▸ **WHAT TO DO**
Apart from the pictures, reproduce the data below exactly as it stands.

▸ **INFORMATION PROVIDED**

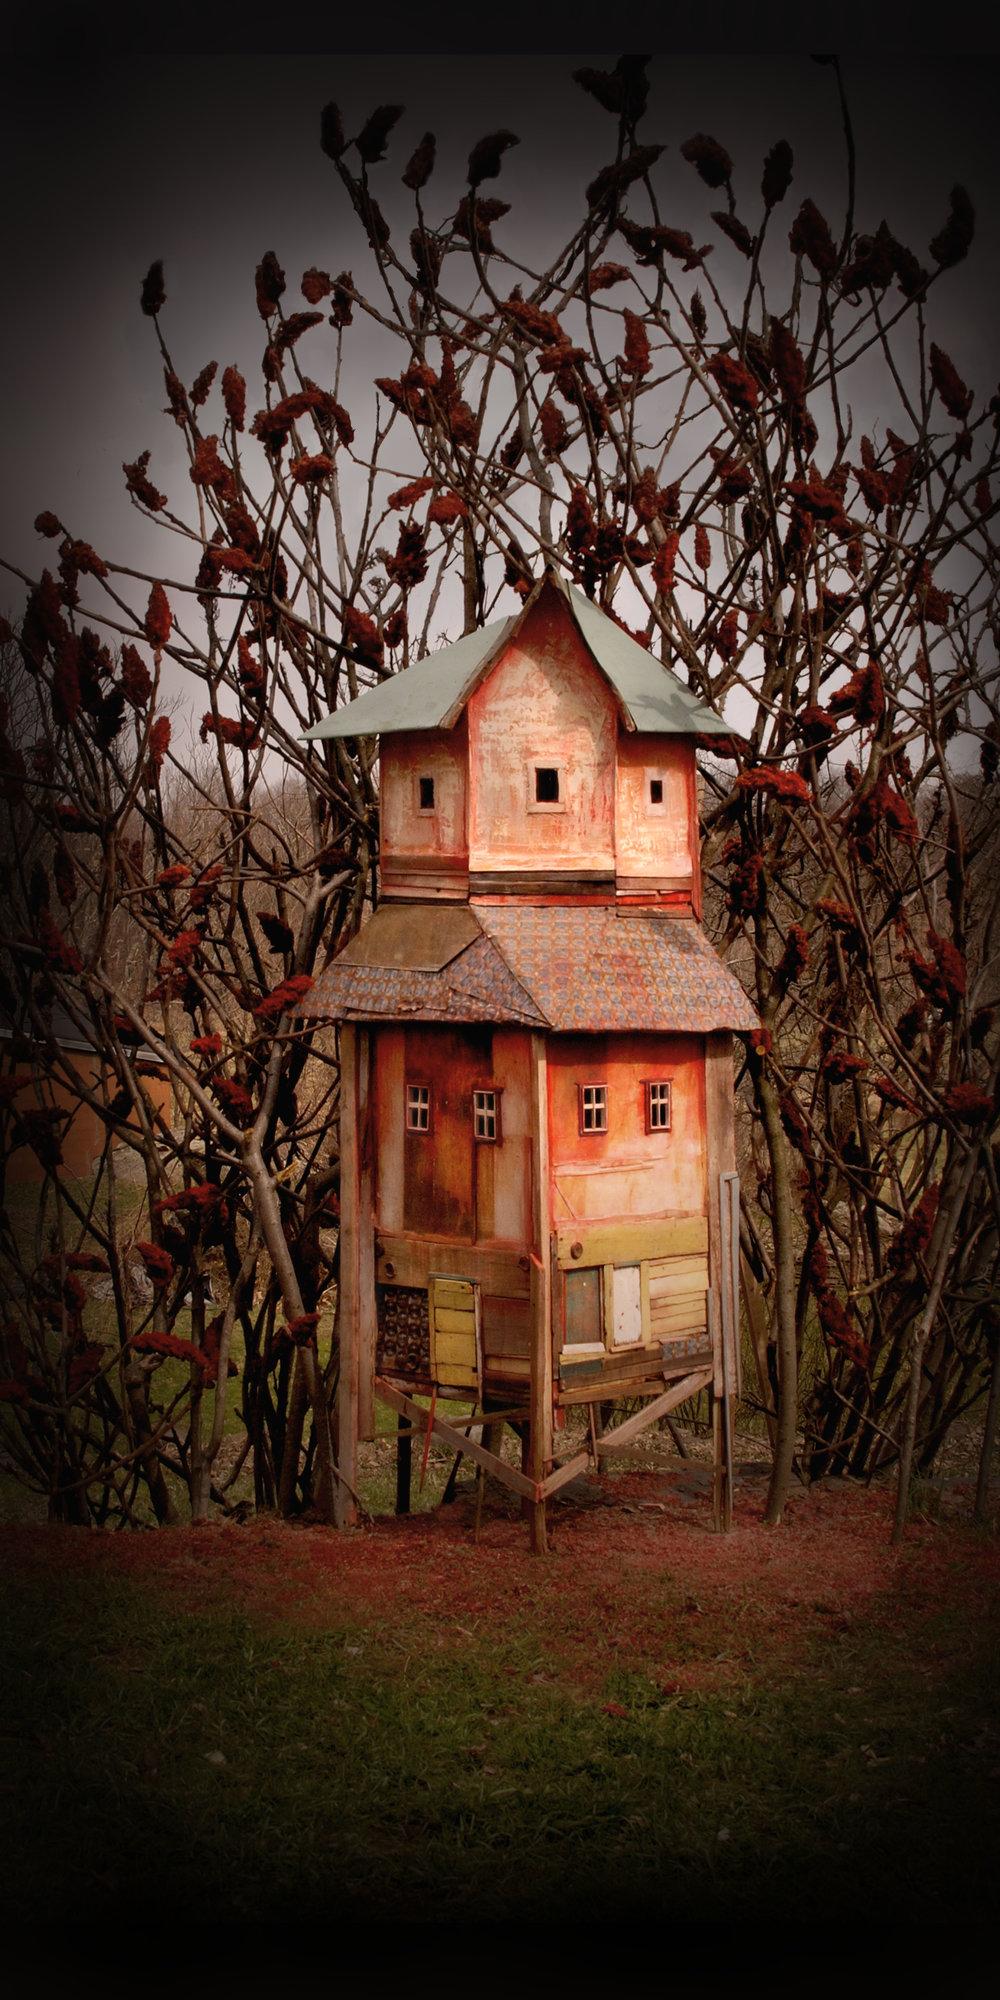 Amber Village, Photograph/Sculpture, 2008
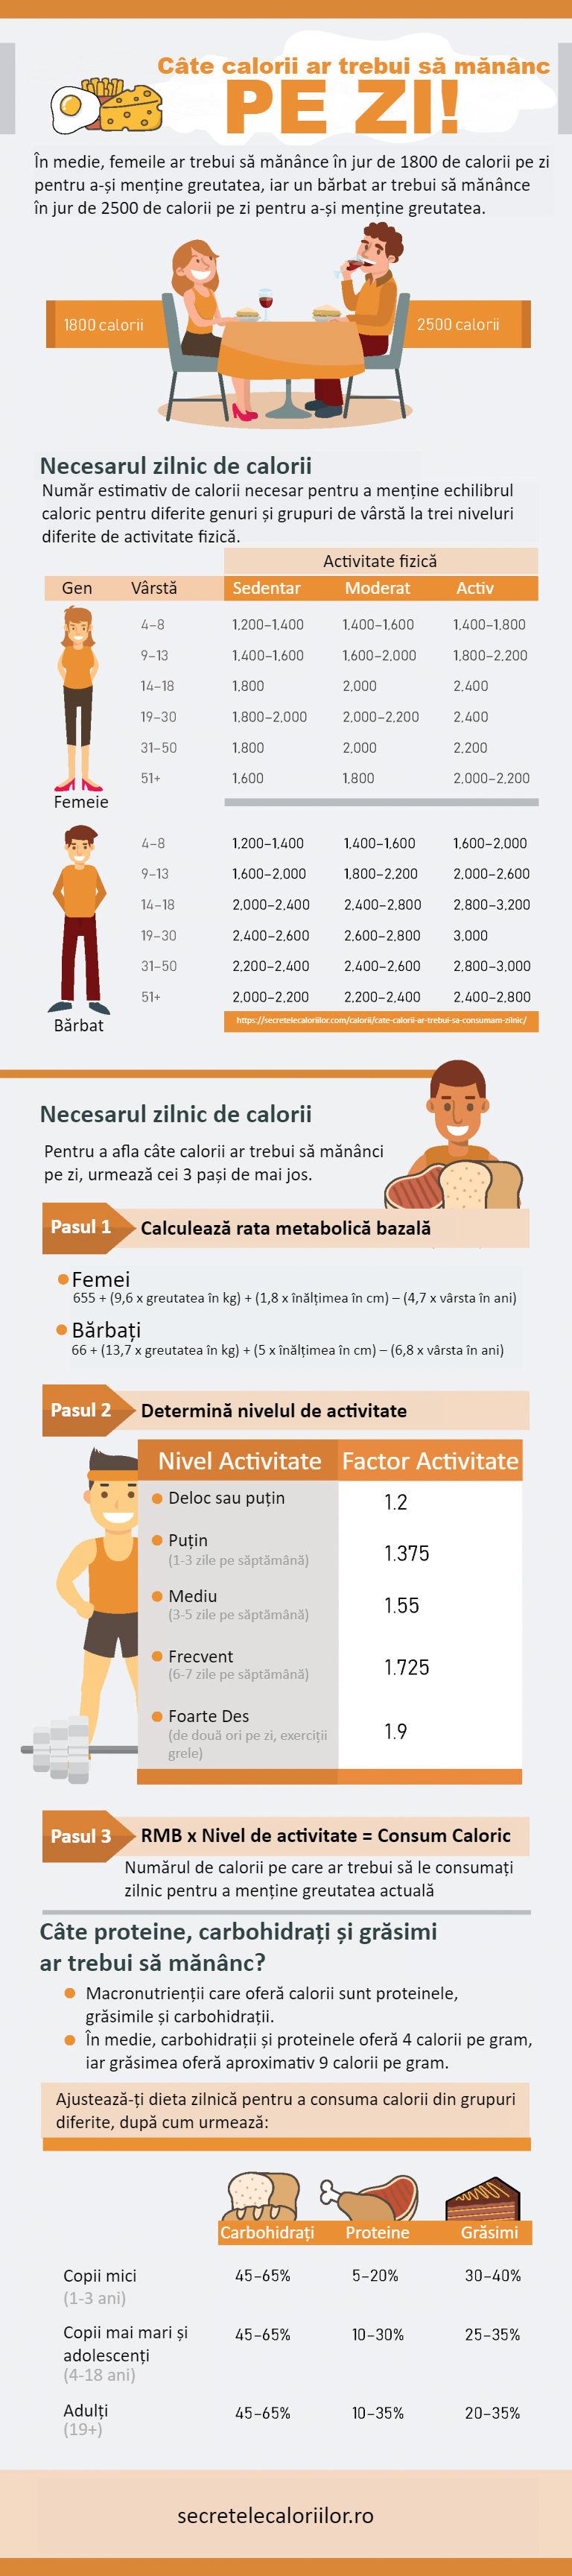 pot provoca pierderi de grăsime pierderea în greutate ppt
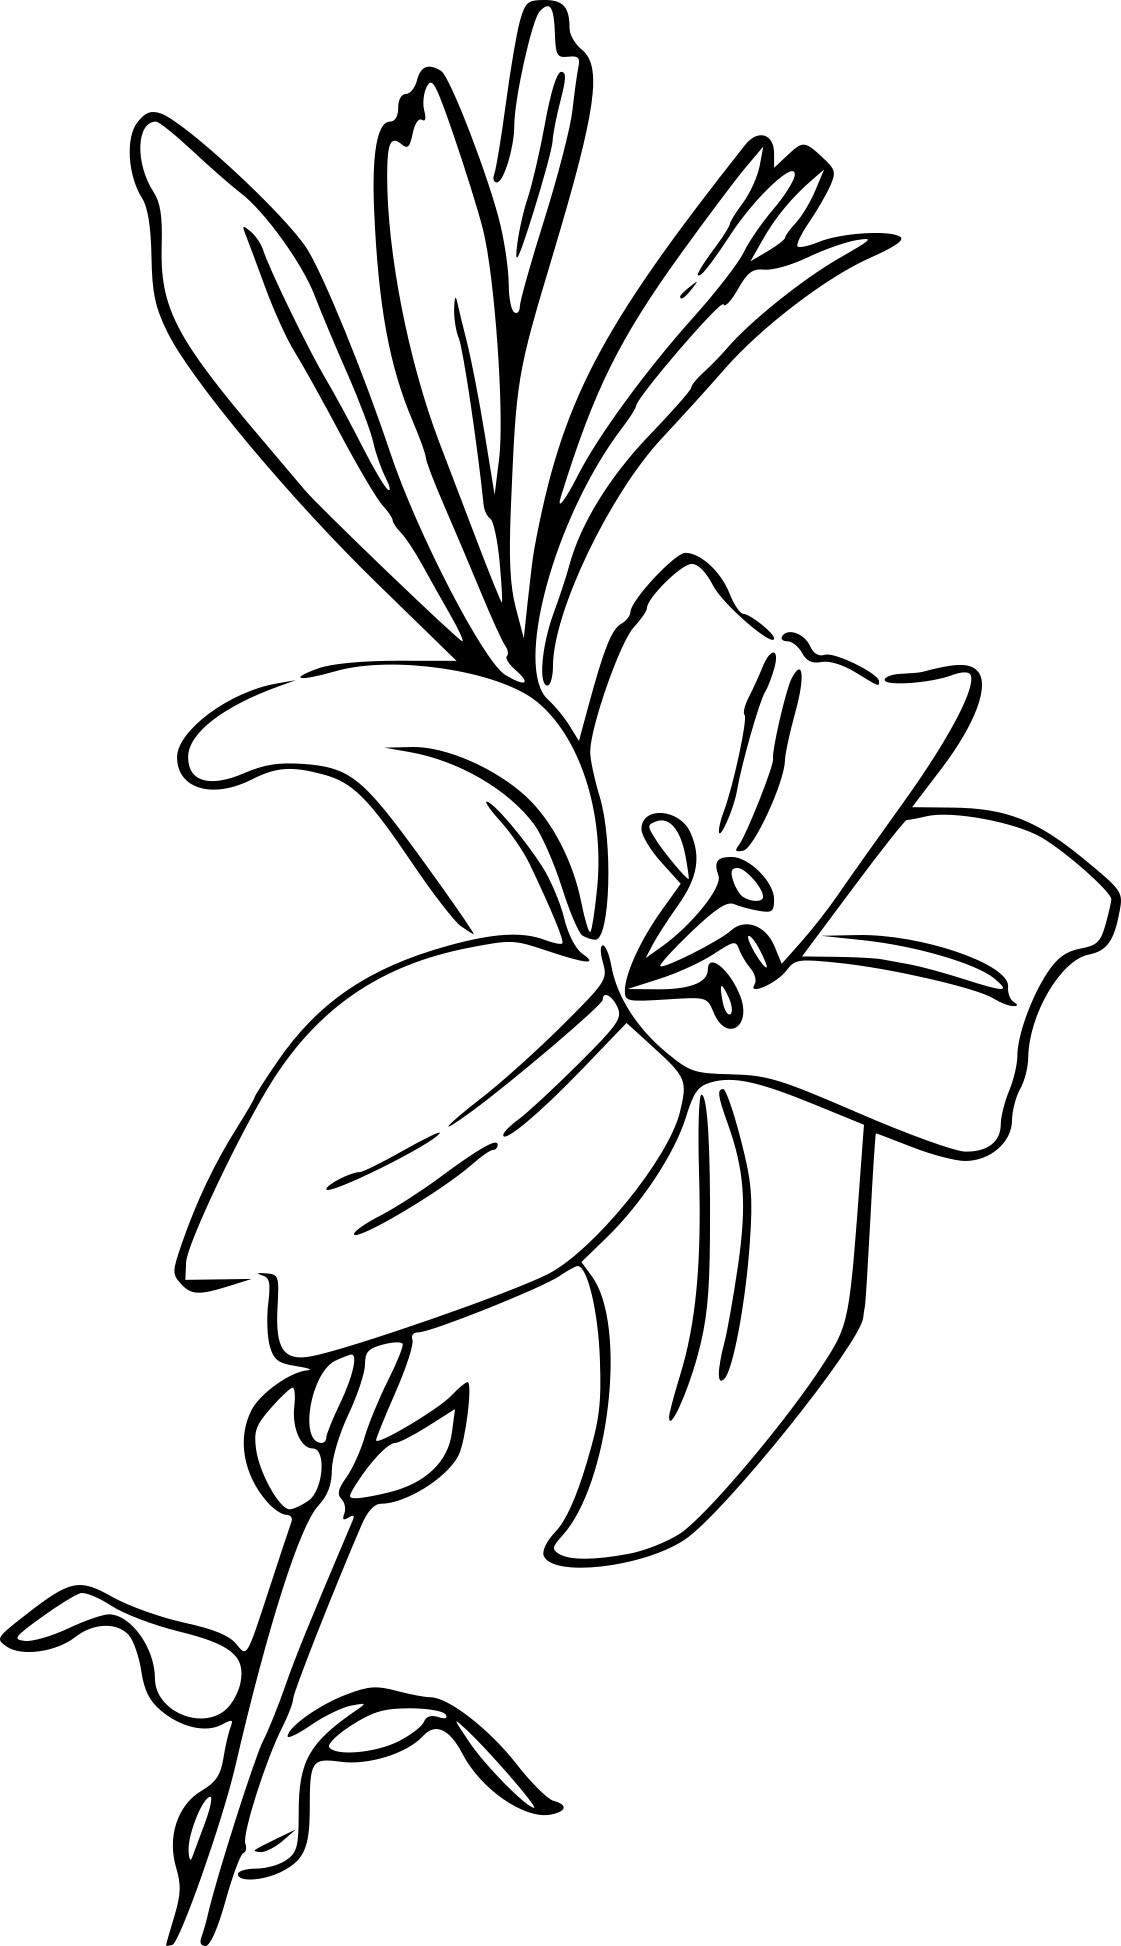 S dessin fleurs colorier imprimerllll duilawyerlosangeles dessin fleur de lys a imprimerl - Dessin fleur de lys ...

▸ **OUTPUT OF THE EXERCISE**
 Amber Village, Photograph/Sculpture, 2008
 pot provoca pierderi de grăsime pierderea în greutate ppt
 S dessin fleurs colorier imprimerllll duilawyerlosangeles dessin fleur de lys a imprimerl - Dessin fleur de lys ...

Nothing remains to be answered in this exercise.